In the records below, the lines between the one holding "Transthoracic echocardiogram. (A)" and the one holding "The Lewis Moody", inclusive, are to be transcribed exactly; no pictures are to be included.

Input data
------------------------------------

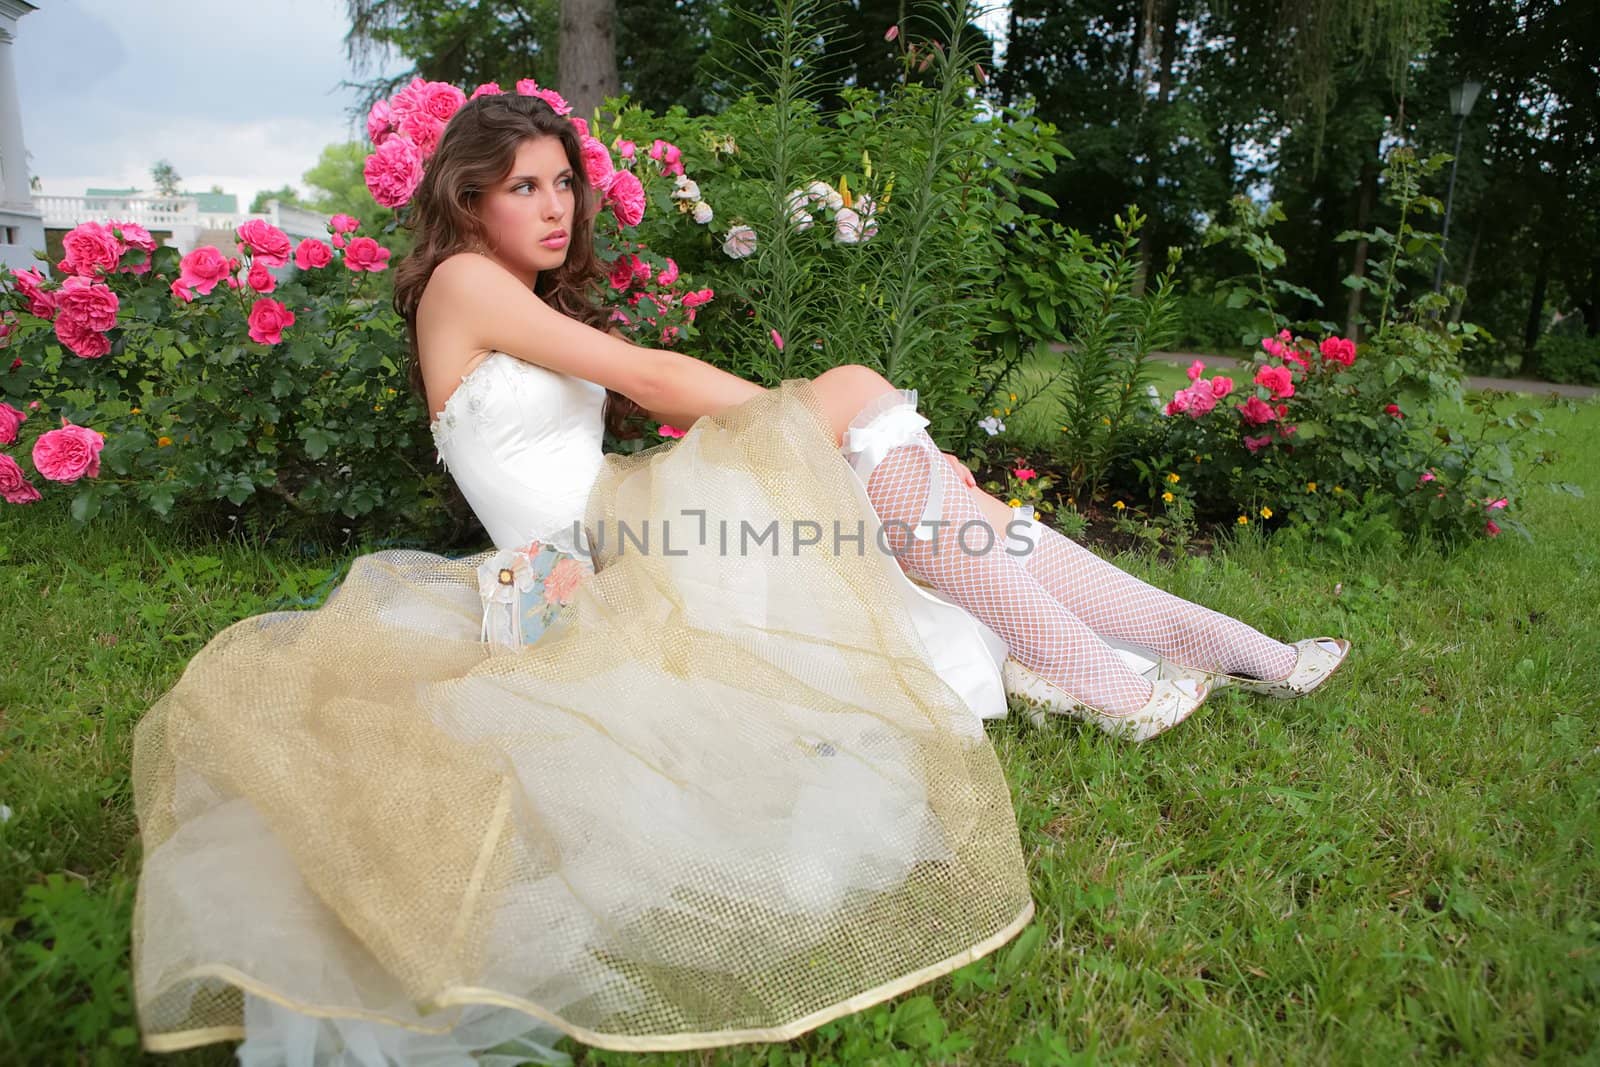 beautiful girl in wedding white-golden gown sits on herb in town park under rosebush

------------------------------------

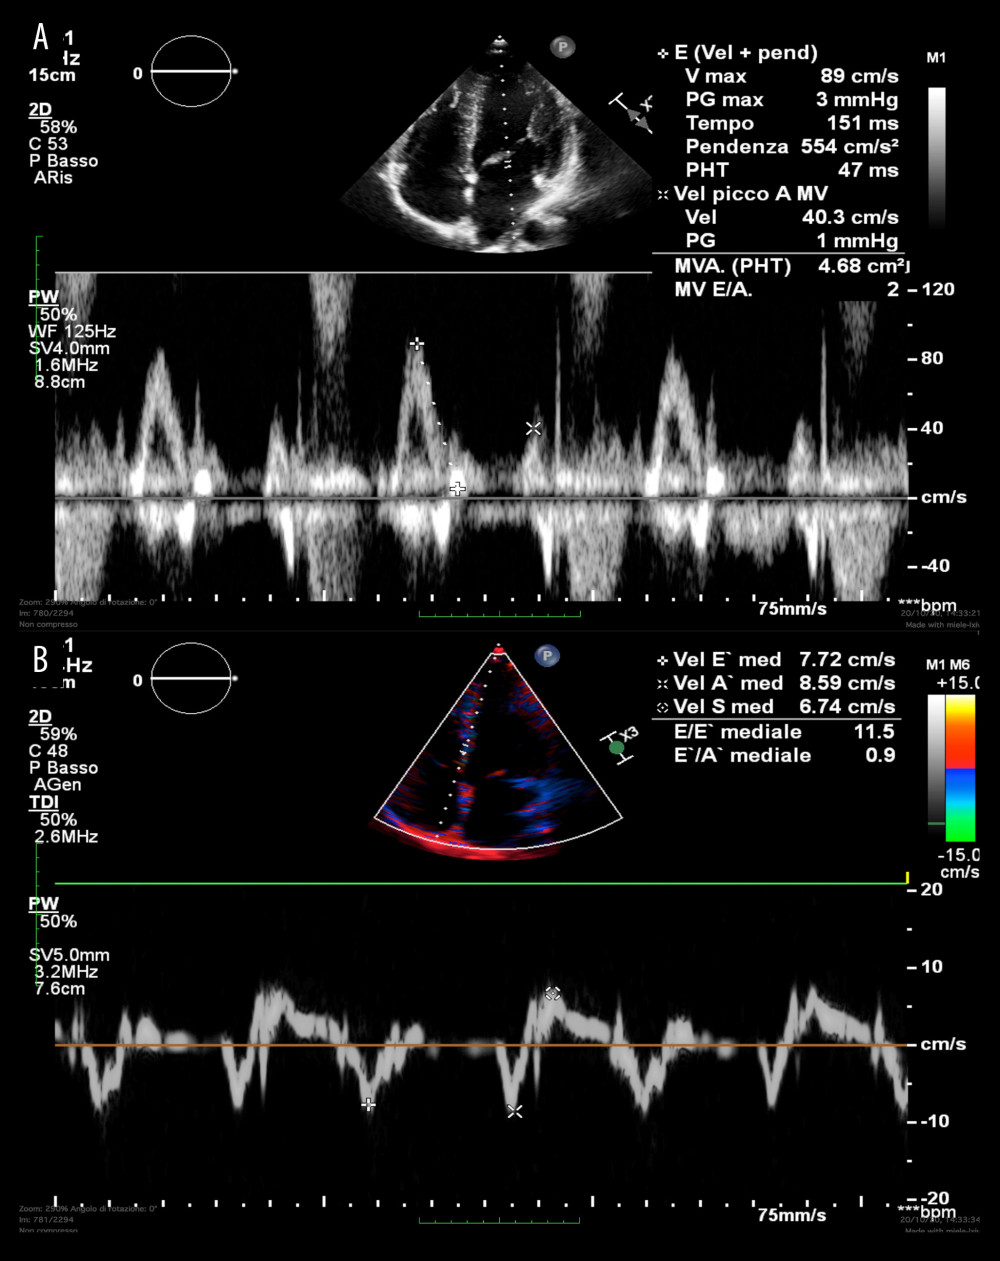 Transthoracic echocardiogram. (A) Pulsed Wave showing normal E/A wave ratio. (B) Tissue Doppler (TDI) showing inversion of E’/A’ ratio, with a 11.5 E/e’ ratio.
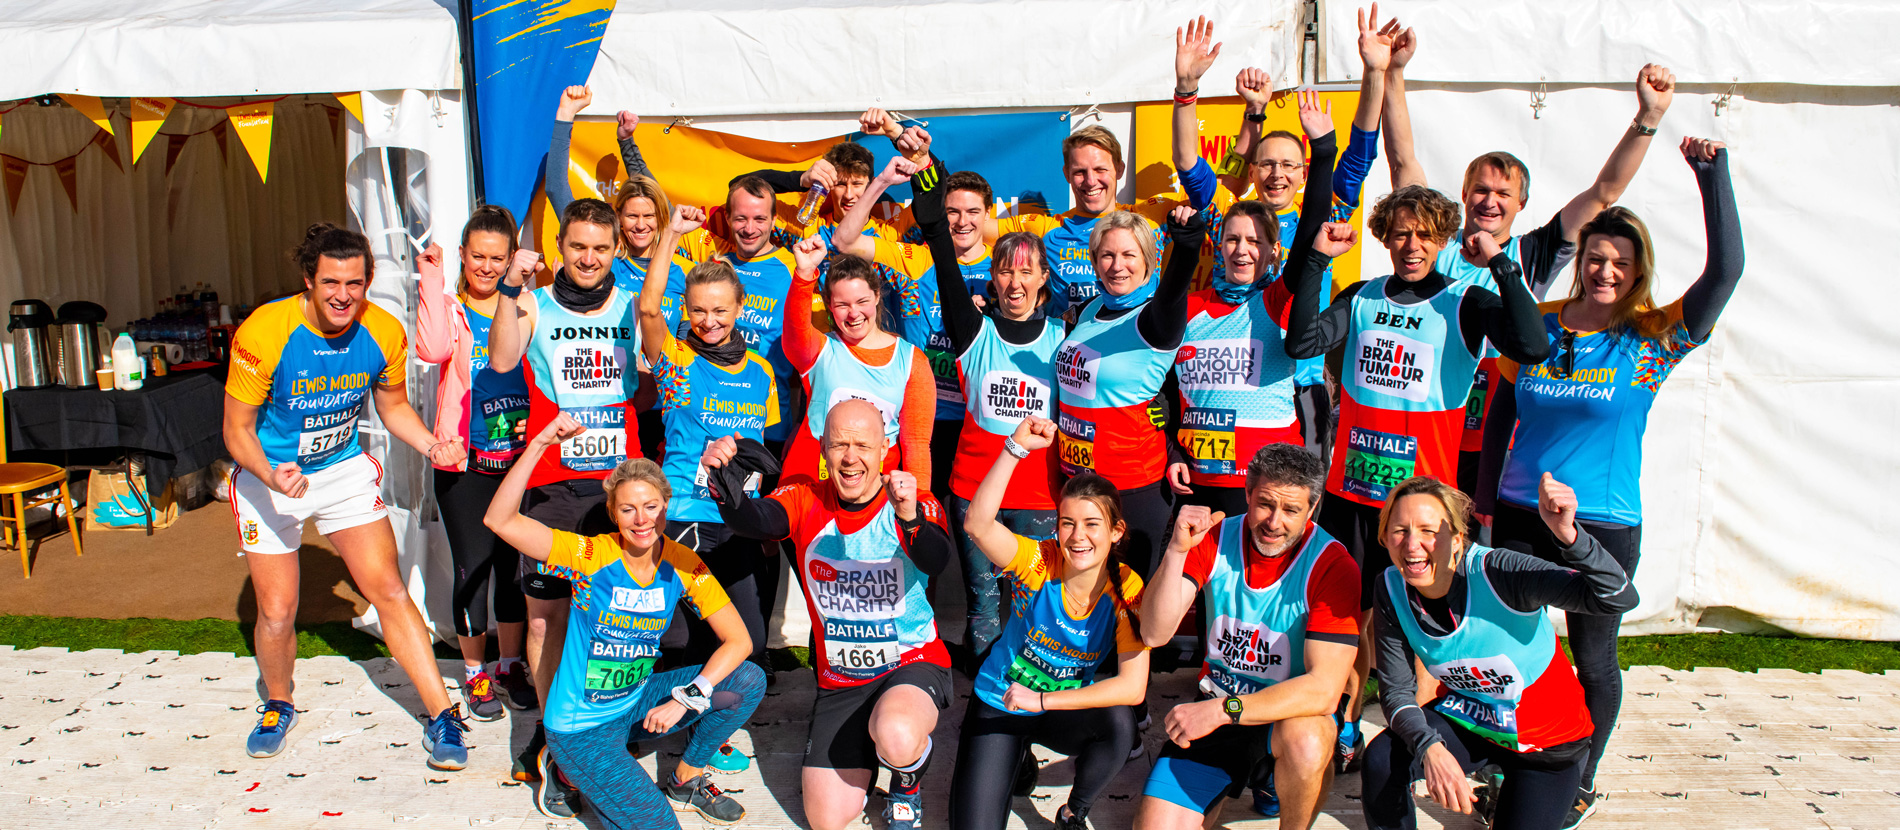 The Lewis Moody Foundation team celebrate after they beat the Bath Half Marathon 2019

------------------------------------

Exercise output
 Transthoracic echocardiogram. (A) Pulsed Wave showing normal E/A wave ratio. (B) Tissue Doppler (TDI) showing inversion of E’/A’ ratio, with a 11.5 E/e’ ratio.
 The Lewis Moody Foundation team celebrate after they beat the Bath Half Marathon 2019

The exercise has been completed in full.